読んでいる間の脳内BGMは、これでした。作曲は大野雄二さんだったんですね、すっかり失念しておりました。
横溝正史ばりのもつれた人間模様を読み進めていくと、意外な事実にたどりつきます。そこが第一の「えーーーーーっ?」。
なんでなんで? とおどろき戸惑いつつ、さらに読んでいくと、あの人がアレで、この人がコレ――と、たたみかけるように真相があきらかになり、読者はふたたび「えーーーーーー?」最後に「お前かよ!」という人物が立ちはだかり、シリーズの主役であるピアとオリヴァー絶体絶命のピンチ! となるわけです。これをいちいち書いているとネタバレになるので、いいかげんな感想だとなじらないように。
本国ドイツではすでにシリーズ5作が出版されており、本作は第3弾にあたります。シリーズの女主人公ピアはバツイチ・アラフォーの刑事、恋も仕事も一生懸命!――と、海外ミステリでは俺的に食傷気味のキャラなのですが、彼女のプライベートがストーリーの前面に出てこないので嫌味なく読めました。ただ、元夫とどうして離婚したのか、あの現彼(あまりに女性にとって都合がよすぎて、かえって影が薄い)とはどうして知り合ったのかが気になります。本作を読んだかぎりでは元夫とのほうが馬が合うように思えてならないのです。この先よりを戻すのでしょうか?
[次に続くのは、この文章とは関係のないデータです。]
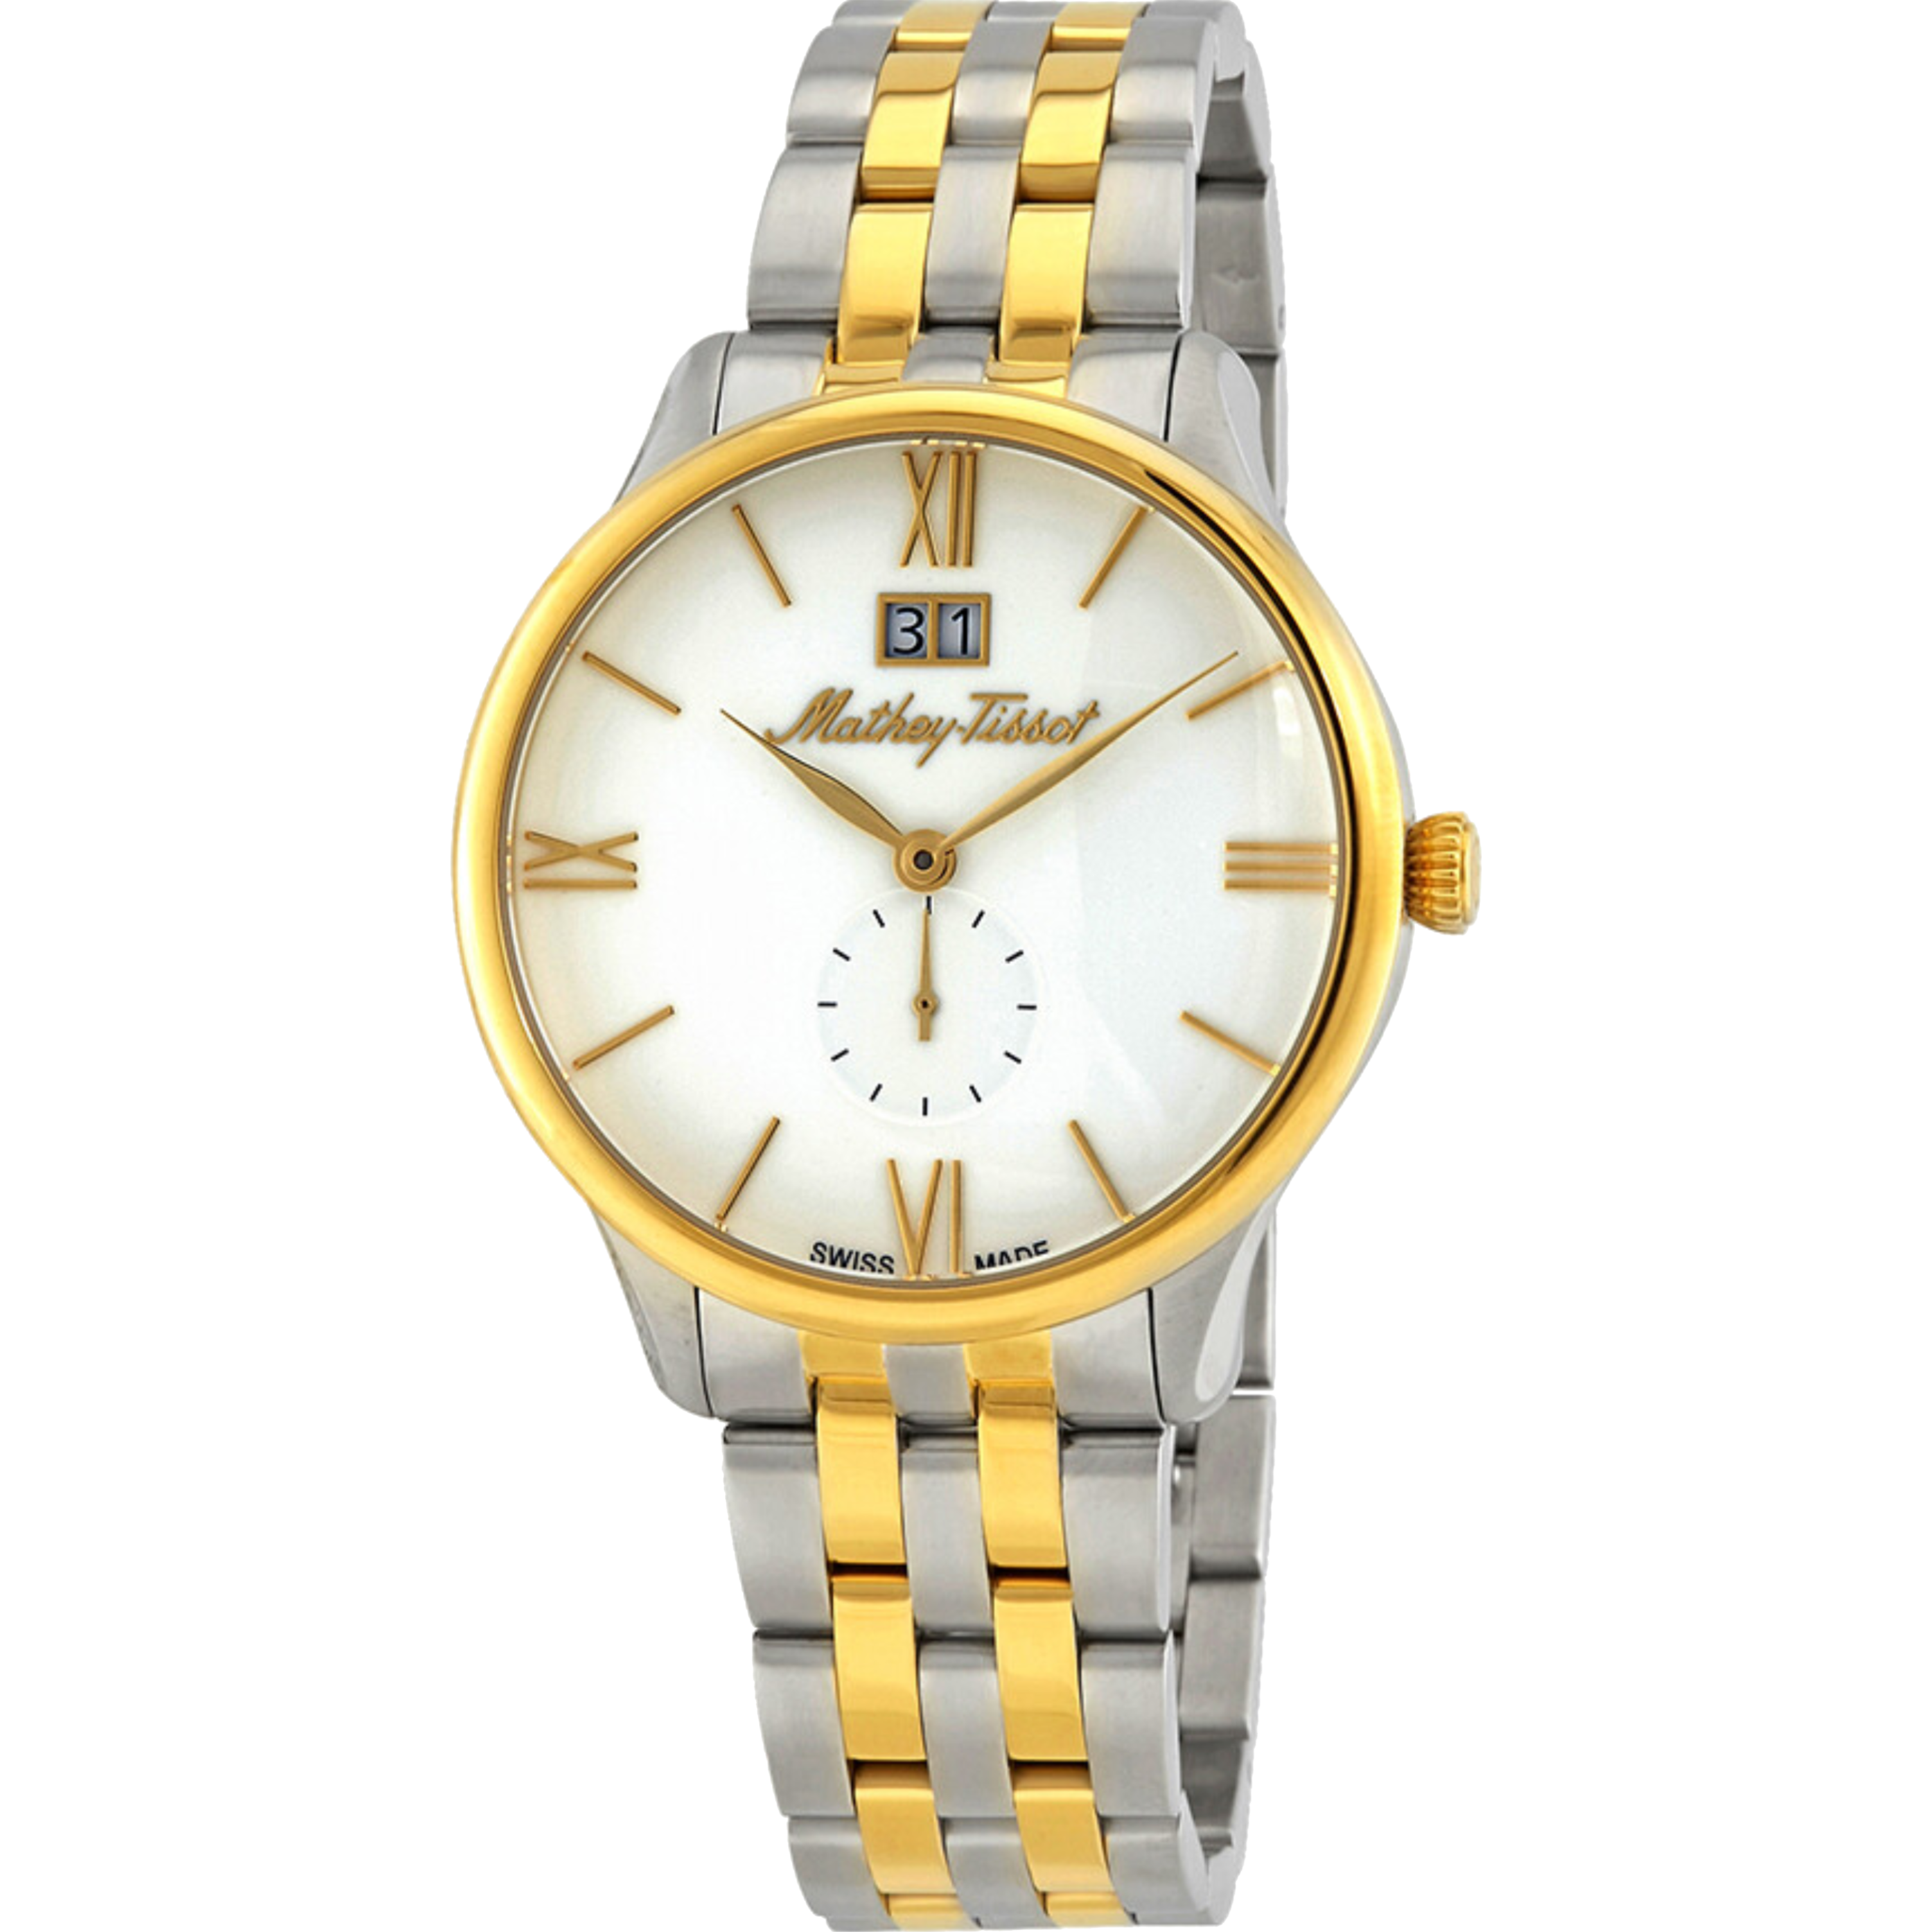 שעון יד לגבר Mathey Tissot H1886MBI 42mm צבע כסף/זהב/זכוכית ספיר - אחריות לשנתיים ע"י היבואן

と、今回も酒寄マジックに翻弄されました。ドイツミステリは英米・北欧とはひと味違った“えぐみ”みたいなものがありますね。本作もそうですが、第二次世界大戦から冷戦時代、東西分裂という歴史をたどるだけでも、ドイツという国は、たくさんのミステリが生まれる要素をはらんでいます。個人的には数十年前の東独が舞台のノアールが読みたいのですが、それはもうちょっとドイツ語を勉強して、自分で探すしかありませんね。よし、モチベーションが上がったぞ。
でも最後にひとこと。「おセンチ」は死語ではないでしょうか?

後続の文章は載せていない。